Une conclusion navrante

Sa fin en forme de prévision annonce déjà qu’il entend aller à l’affrontement sur tous les sujets et fort de son élection et de sa majorité ne renoncer à rien.

« Il y aura de l’imprévu, de l’opposition, des moments difficiles, mais nous ne laisserons pas ces aléas nous décourager. Devant chaque difficulté nous ne baisserons pas les bras, nous en reviendrons à l’essentiel et nous y puiserons une énergie plus grande encore.  »
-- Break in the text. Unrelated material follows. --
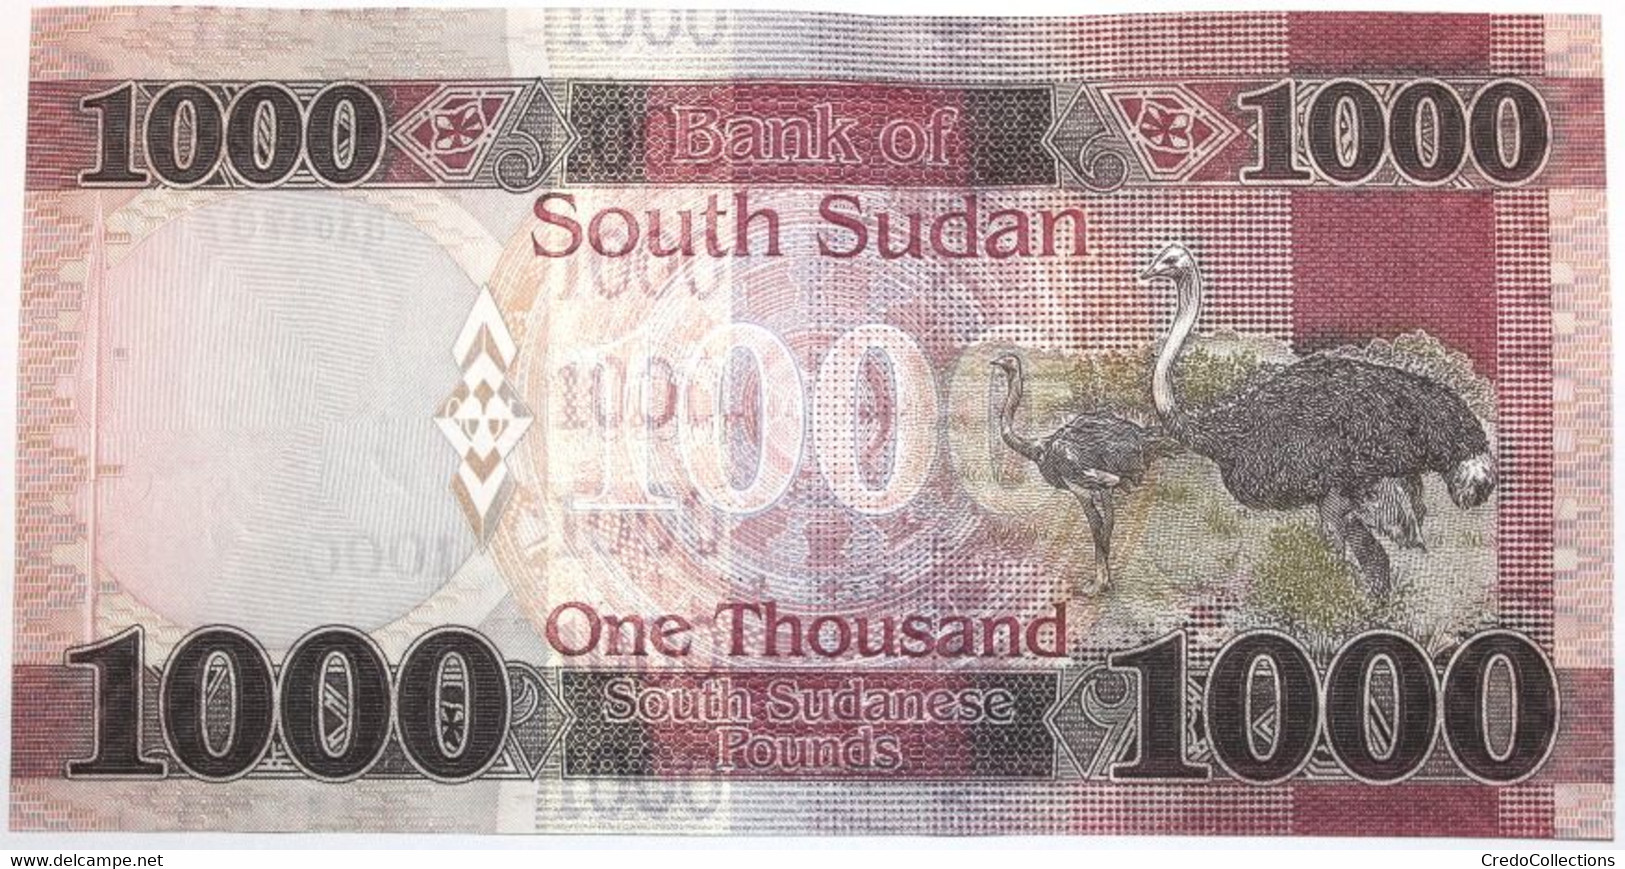 Soudan Du Sud - 1000 Pounds - 2020 - PICK NEW20 - NEUF - Zuid-Soedan

Et de finir dans une envolée lyrique à l’intérêt aussi faible sur le fond que sur la forme :

« En chacun de nous il y a un cynique qui sommeille. Et c’est en chacun de nous qu’il faut le faire taire, jour après jour. Et cela se verra. Alors nous serons crus. Alors nous rendrons le service que le peuple français attend de nous. Alors nous resterons fidèles à cette promesse de nos commencements, cette promesse que nous tiendrons parce qu’elle est la plus grande, la plus belle qui soit : faire à l’homme, enfin, un pays digne de lui. »

Pendant que le président s’écoutait, deux cents communistes s’étaient réuni à l’extérieur pour dénoncer son mépris des institutions, probablement qu’ils n’ont pas réussi à faire taire les cyniques qui sommeillent.